### [What you should do]
Write the data out again exactly and in full.

### [Information shown]
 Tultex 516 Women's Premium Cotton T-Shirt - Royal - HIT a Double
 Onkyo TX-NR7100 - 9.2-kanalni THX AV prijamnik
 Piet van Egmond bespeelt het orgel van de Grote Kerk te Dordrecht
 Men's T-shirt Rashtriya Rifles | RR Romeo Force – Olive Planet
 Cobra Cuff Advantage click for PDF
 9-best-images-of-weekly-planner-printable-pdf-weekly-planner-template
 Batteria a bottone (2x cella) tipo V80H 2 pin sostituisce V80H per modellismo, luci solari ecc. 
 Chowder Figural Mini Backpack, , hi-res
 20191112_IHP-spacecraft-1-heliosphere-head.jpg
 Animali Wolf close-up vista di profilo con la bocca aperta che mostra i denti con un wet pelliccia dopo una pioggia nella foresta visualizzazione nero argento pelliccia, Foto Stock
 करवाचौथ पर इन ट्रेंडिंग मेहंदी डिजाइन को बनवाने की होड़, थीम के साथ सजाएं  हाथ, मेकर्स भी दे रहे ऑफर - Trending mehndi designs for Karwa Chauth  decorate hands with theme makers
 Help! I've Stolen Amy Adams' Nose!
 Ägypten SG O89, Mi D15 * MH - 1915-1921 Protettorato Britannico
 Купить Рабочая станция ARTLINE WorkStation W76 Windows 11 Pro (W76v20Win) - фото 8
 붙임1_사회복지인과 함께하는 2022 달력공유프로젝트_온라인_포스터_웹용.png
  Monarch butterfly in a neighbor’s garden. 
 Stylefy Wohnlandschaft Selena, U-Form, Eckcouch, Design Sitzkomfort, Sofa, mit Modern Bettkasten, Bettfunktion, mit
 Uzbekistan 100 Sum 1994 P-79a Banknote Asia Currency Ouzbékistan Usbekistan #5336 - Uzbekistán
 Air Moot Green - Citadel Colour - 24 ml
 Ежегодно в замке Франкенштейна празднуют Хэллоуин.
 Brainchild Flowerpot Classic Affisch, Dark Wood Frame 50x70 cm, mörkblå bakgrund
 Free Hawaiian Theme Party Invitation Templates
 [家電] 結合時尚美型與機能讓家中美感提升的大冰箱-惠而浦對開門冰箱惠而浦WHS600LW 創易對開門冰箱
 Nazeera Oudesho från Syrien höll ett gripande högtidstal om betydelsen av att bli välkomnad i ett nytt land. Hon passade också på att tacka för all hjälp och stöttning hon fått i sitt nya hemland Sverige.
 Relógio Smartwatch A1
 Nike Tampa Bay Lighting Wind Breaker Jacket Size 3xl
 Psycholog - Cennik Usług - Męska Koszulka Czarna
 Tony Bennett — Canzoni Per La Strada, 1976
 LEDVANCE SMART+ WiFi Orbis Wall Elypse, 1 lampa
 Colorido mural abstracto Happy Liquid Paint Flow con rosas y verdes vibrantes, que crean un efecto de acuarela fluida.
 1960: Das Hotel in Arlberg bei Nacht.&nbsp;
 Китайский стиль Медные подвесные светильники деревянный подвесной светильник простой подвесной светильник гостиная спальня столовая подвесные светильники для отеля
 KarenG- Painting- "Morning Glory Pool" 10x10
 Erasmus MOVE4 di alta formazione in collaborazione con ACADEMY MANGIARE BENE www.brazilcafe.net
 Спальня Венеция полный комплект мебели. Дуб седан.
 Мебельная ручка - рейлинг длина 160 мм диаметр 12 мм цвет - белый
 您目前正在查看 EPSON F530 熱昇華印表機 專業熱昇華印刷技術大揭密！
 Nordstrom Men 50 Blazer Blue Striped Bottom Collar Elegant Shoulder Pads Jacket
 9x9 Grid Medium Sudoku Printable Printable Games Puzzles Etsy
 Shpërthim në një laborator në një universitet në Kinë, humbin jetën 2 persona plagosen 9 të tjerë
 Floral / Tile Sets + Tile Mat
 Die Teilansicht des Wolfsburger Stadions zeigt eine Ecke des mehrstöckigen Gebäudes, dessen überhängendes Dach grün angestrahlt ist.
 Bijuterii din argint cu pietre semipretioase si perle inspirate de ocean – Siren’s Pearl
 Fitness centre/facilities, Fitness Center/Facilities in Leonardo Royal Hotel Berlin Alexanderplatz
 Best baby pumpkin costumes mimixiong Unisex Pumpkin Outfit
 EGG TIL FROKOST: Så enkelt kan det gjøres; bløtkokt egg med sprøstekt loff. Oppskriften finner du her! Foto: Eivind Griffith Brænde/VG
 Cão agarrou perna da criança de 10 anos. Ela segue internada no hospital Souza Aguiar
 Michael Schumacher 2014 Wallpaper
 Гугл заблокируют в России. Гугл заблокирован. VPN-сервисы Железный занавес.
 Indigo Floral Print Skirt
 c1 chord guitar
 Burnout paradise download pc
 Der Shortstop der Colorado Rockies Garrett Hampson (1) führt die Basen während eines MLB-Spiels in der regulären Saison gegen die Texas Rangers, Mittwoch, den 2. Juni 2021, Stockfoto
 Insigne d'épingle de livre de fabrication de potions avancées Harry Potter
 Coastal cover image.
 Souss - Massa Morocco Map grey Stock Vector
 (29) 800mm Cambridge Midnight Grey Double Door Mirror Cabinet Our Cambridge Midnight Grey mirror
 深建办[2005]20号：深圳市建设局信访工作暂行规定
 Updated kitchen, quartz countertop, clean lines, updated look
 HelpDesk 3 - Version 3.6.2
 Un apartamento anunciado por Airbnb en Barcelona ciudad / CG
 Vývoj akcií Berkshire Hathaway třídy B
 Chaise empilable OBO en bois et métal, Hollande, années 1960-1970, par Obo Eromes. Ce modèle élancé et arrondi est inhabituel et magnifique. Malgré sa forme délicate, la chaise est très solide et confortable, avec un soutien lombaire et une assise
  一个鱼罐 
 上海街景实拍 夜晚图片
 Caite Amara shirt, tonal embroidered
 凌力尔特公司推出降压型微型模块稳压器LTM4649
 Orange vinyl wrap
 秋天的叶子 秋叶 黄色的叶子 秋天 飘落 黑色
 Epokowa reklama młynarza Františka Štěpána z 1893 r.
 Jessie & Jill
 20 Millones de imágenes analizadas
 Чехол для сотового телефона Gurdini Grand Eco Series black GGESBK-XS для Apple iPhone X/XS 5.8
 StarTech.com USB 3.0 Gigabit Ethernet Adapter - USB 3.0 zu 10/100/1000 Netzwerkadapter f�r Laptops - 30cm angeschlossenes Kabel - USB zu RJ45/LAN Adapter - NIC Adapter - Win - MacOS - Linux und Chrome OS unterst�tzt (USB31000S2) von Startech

### [Expected output]
 Tultex 516 Women's Premium Cotton T-Shirt - Royal - HIT a Double
 Onkyo TX-NR7100 - 9.2-kanalni THX AV prijamnik
 Piet van Egmond bespeelt het orgel van de Grote Kerk te Dordrecht
 Men's T-shirt Rashtriya Rifles | RR Romeo Force – Olive Planet
 Cobra Cuff Advantage click for PDF
 9-best-images-of-weekly-planner-printable-pdf-weekly-planner-template
 Batteria a bottone (2x cella) tipo V80H 2 pin sostituisce V80H per modellismo, luci solari ecc. 
 Chowder Figural Mini Backpack, , hi-res
 20191112_IHP-spacecraft-1-heliosphere-head.jpg
 Animali Wolf close-up vista di profilo con la bocca aperta che mostra i denti con un wet pelliccia dopo una pioggia nella foresta visualizzazione nero argento pelliccia, Foto Stock
 करवाचौथ पर इन ट्रेंडिंग मेहंदी डिजाइन को बनवाने की होड़, थीम के साथ सजाएं  हाथ, मेकर्स भी दे रहे ऑफर - Trending mehndi designs for Karwa Chauth  decorate hands with theme makers
 Help! I've Stolen Amy Adams' Nose!
 Ägypten SG O89, Mi D15 * MH - 1915-1921 Protettorato Britannico
 Купить Рабочая станция ARTLINE WorkStation W76 Windows 11 Pro (W76v20Win) - фото 8
 붙임1_사회복지인과 함께하는 2022 달력공유프로젝트_온라인_포스터_웹용.png
  Monarch butterfly in a neighbor’s garden. 
 Stylefy Wohnlandschaft Selena, U-Form, Eckcouch, Design Sitzkomfort, Sofa, mit Modern Bettkasten, Bettfunktion, mit
 Uzbekistan 100 Sum 1994 P-79a Banknote Asia Currency Ouzbékistan Usbekistan #5336 - Uzbekistán
 Air Moot Green - Citadel Colour - 24 ml
 Ежегодно в замке Франкенштейна празднуют Хэллоуин.
 Brainchild Flowerpot Classic Affisch, Dark Wood Frame 50x70 cm, mörkblå bakgrund
 Free Hawaiian Theme Party Invitation Templates
 [家電] 結合時尚美型與機能讓家中美感提升的大冰箱-惠而浦對開門冰箱惠而浦WHS600LW 創易對開門冰箱
 Nazeera Oudesho från Syrien höll ett gripande högtidstal om betydelsen av att bli välkomnad i ett nytt land. Hon passade också på att tacka för all hjälp och stöttning hon fått i sitt nya hemland Sverige.
 Relógio Smartwatch A1
 Nike Tampa Bay Lighting Wind Breaker Jacket Size 3xl
 Psycholog - Cennik Usług - Męska Koszulka Czarna
 Tony Bennett — Canzoni Per La Strada, 1976
 LEDVANCE SMART+ WiFi Orbis Wall Elypse, 1 lampa
 Colorido mural abstracto Happy Liquid Paint Flow con rosas y verdes vibrantes, que crean un efecto de acuarela fluida.
 1960: Das Hotel in Arlberg bei Nacht.&nbsp;
 Китайский стиль Медные подвесные светильники деревянный подвесной светильник простой подвесной светильник гостиная спальня столовая подвесные светильники для отеля
 KarenG- Painting- "Morning Glory Pool" 10x10
 Erasmus MOVE4 di alta formazione in collaborazione con ACADEMY MANGIARE BENE www.brazilcafe.net
 Спальня Венеция полный комплект мебели. Дуб седан.
 Мебельная ручка - рейлинг длина 160 мм диаметр 12 мм цвет - белый
 您目前正在查看 EPSON F530 熱昇華印表機 專業熱昇華印刷技術大揭密！
 Nordstrom Men 50 Blazer Blue Striped Bottom Collar Elegant Shoulder Pads Jacket
 9x9 Grid Medium Sudoku Printable Printable Games Puzzles Etsy
 Shpërthim në një laborator në një universitet në Kinë, humbin jetën 2 persona plagosen 9 të tjerë
 Floral / Tile Sets + Tile Mat
 Die Teilansicht des Wolfsburger Stadions zeigt eine Ecke des mehrstöckigen Gebäudes, dessen überhängendes Dach grün angestrahlt ist.
 Bijuterii din argint cu pietre semipretioase si perle inspirate de ocean – Siren’s Pearl
 Fitness centre/facilities, Fitness Center/Facilities in Leonardo Royal Hotel Berlin Alexanderplatz
 Best baby pumpkin costumes mimixiong Unisex Pumpkin Outfit
 EGG TIL FROKOST: Så enkelt kan det gjøres; bløtkokt egg med sprøstekt loff. Oppskriften finner du her! Foto: Eivind Griffith Brænde/VG
 Cão agarrou perna da criança de 10 anos. Ela segue internada no hospital Souza Aguiar
 Michael Schumacher 2014 Wallpaper
 Гугл заблокируют в России. Гугл заблокирован. VPN-сервисы Железный занавес.
 Indigo Floral Print Skirt
 c1 chord guitar
 Burnout paradise download pc
 Der Shortstop der Colorado Rockies Garrett Hampson (1) führt die Basen während eines MLB-Spiels in der regulären Saison gegen die Texas Rangers, Mittwoch, den 2. Juni 2021, Stockfoto
 Insigne d'épingle de livre de fabrication de potions avancées Harry Potter
 Coastal cover image.
 Souss - Massa Morocco Map grey Stock Vector
 (29) 800mm Cambridge Midnight Grey Double Door Mirror Cabinet Our Cambridge Midnight Grey mirror
 深建办[2005]20号：深圳市建设局信访工作暂行规定
 Updated kitchen, quartz countertop, clean lines, updated look
 HelpDesk 3 - Version 3.6.2
 Un apartamento anunciado por Airbnb en Barcelona ciudad / CG
 Vývoj akcií Berkshire Hathaway třídy B
 Chaise empilable OBO en bois et métal, Hollande, années 1960-1970, par Obo Eromes. Ce modèle élancé et arrondi est inhabituel et magnifique. Malgré sa forme délicate, la chaise est très solide et confortable, avec un soutien lombaire et une assise
  一个鱼罐 
 上海街景实拍 夜晚图片
 Caite Amara shirt, tonal embroidered
 凌力尔特公司推出降压型微型模块稳压器LTM4649
 Orange vinyl wrap
 秋天的叶子 秋叶 黄色的叶子 秋天 飘落 黑色
 Epokowa reklama młynarza Františka Štěpána z 1893 r.
 Jessie & Jill
 20 Millones de imágenes analizadas
 Чехол для сотового телефона Gurdini Grand Eco Series black GGESBK-XS для Apple iPhone X/XS 5.8
 StarTech.com USB 3.0 Gigabit Ethernet Adapter - USB 3.0 zu 10/100/1000 Netzwerkadapter f�r Laptops - 30cm angeschlossenes Kabel - USB zu RJ45/LAN Adapter - NIC Adapter - Win - MacOS - Linux und Chrome OS unterst�tzt (USB31000S2) von Startech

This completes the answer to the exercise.